** Data for analysis follows **

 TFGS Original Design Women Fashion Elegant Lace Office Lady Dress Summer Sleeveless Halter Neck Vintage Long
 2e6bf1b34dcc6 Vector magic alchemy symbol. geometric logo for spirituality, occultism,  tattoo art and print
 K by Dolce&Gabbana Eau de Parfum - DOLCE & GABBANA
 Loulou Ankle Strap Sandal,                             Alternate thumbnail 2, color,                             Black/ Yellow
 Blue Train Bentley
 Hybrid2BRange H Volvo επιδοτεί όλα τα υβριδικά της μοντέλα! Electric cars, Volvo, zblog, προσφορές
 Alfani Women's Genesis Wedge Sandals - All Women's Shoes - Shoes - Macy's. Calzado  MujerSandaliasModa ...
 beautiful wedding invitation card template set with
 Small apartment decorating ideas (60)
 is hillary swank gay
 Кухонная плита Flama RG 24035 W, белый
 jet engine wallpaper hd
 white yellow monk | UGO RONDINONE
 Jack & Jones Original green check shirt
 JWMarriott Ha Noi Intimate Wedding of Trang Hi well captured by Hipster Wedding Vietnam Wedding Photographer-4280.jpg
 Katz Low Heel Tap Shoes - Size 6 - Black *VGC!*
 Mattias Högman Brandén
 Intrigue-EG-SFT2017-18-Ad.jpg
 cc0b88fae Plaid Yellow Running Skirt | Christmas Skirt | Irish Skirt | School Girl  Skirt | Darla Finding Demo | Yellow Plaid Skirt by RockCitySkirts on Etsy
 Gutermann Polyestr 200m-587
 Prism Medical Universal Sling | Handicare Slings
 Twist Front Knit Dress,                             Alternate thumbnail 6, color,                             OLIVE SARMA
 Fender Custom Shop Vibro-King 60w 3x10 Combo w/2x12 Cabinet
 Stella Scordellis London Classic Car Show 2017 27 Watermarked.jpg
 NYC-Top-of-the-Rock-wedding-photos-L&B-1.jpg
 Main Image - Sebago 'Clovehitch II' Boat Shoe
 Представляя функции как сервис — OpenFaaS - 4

** End of Data for analysis **

Each line from the one containing "Main Image - Sebago" to the end of the listing above should be copied exactly, and nothing else.

_Result below_
 Main Image - Sebago 'Clovehitch II' Boat Shoe
 Представляя функции как сервис — OpenFaaS - 4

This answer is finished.